Tool that allows to perform round-trip communication (write-read-overwrite-read) based on XDCR in order to measure replication latency in both directions simultaneously.
- Prepare config that contains configuration that allows to connect to buckets: example
- There is ready to use docker:
CB_TRACKER_CONFIG=/path/to/your/config.yaml
docker run -v ${CB_TRACKER_CONFIG}:/config.yml -it ziollek/cb-tracker:latest oneway
for example to use config deliverer with repository just use below command (assuming that your pwd is root path of repository):
CB_TRACKER_CONFIG="$(pwd)"/configuration/local.yaml
docker run -v ${CB_TRACKER_CONFIG}:/config.yml -it ziollek/cb-tracker:latest oneway
Please check below information to know what else can you achieve and how to interpret command output.

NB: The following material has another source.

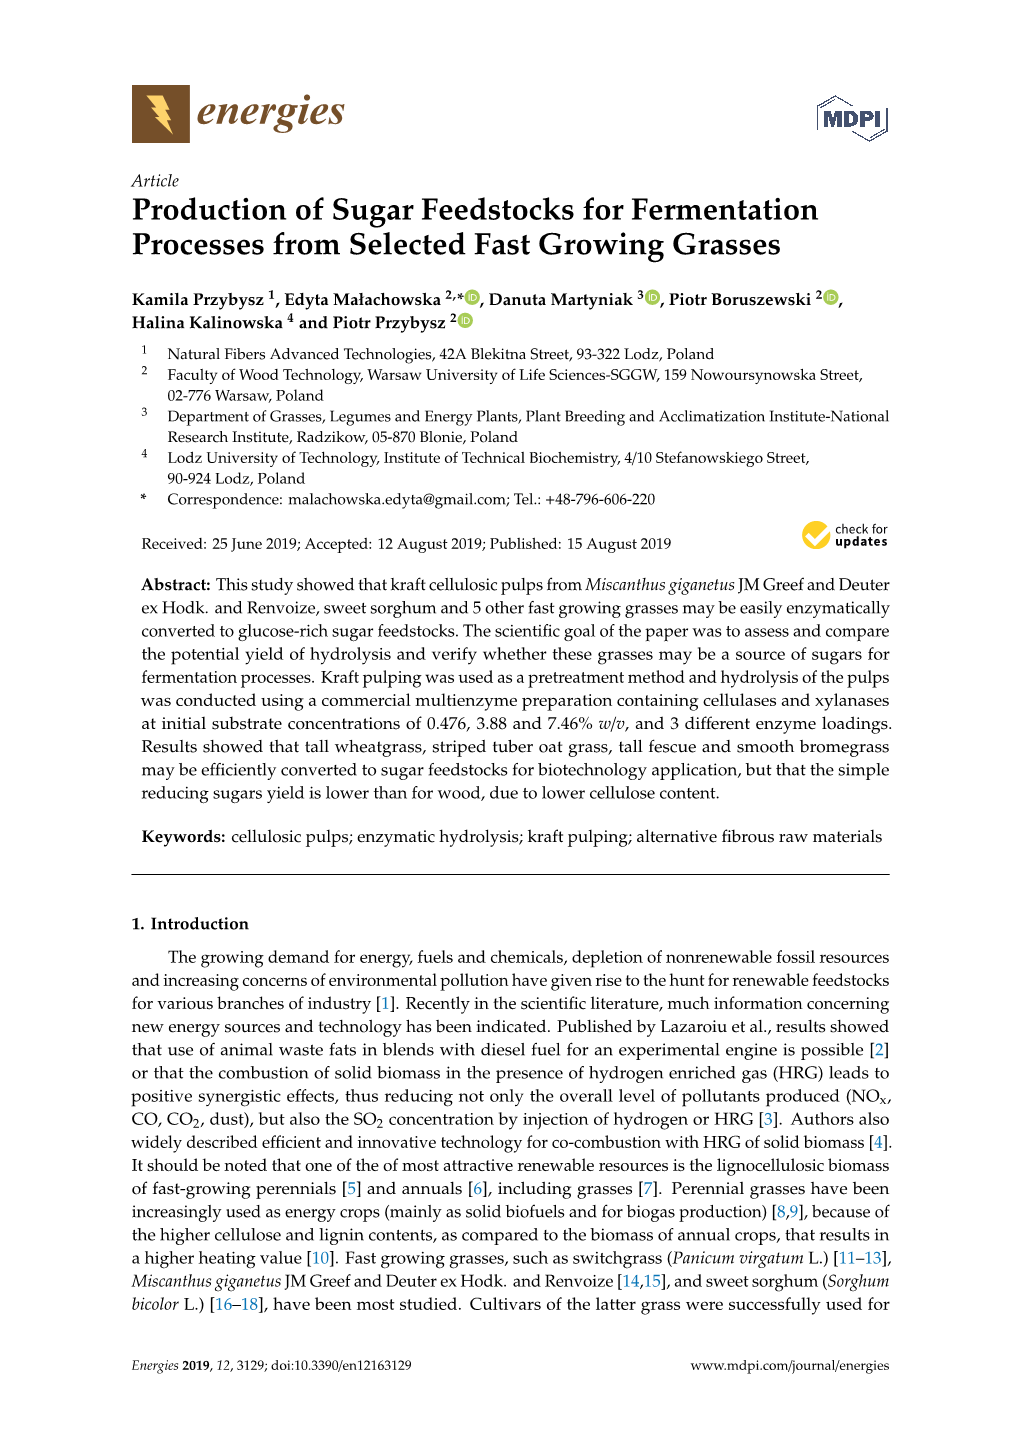 Production of Sugar Feedstocks for Fermentation Processes from Selected Fast Growing Grasses

The example configuration is presented below:
source:
uri: couchbase://localhost
bucket: default
user: default
password: default
name: src
destination:
uri: couchbase://localhost
bucket: default
user: default
password: default
name: dst
generator:
ttl: 150s
size: 200
key: cb-repl-ping-document-key
source & destination keys has exactly the same structure and represents connection string to couchbase bucket, details are described below:
key | description |
---|---|
uri | couchbase url in format couchbase://[couchnase-host-ip-or-hostname] |
bucket | bucket name |
user | credentials: username |
password | credentials: password |
name | name that is used internally to distinguished source & destinantion bucket |
additionally you can find here parameters that are used to generate documents while testing replication:
key | description |
---|---|
ttl | ttl of documents that are generated during tests |
size | size in bytes of data field of documents that are generated during tests, it worth mentioning that document consists of several additional fields and are a little bigger than defined size |
key | depending on command it is a key that is used for storing testing documents or prefix of documents keys |
parameter | type | default | description |
---|---|---|---|
interval | duration | 1s | define interval between consecutive tests |
repeat | int | 3 | define how many times test should be repeated |
timeout | duration | 10s | define timeout for a single test |
json | flag | false | use json as an output instead colored text format |
-
PING
a. store -> Source -> replication -> Destination
b. fetch <- Destination (with retires)
-
PONG
a. store -> Destination -> replication -> Source
b. fetch <- Source (with retires)
This mode is visualized be below sequence diagram:
sequenceDiagram
cb-tracker->>+Source: Save document with content A
Source->>-cb-tracker: Document is saved
Source->>+Destination: XDCR replication
cb-tracker->>+Destination: Get document (possible retries due to replication lag)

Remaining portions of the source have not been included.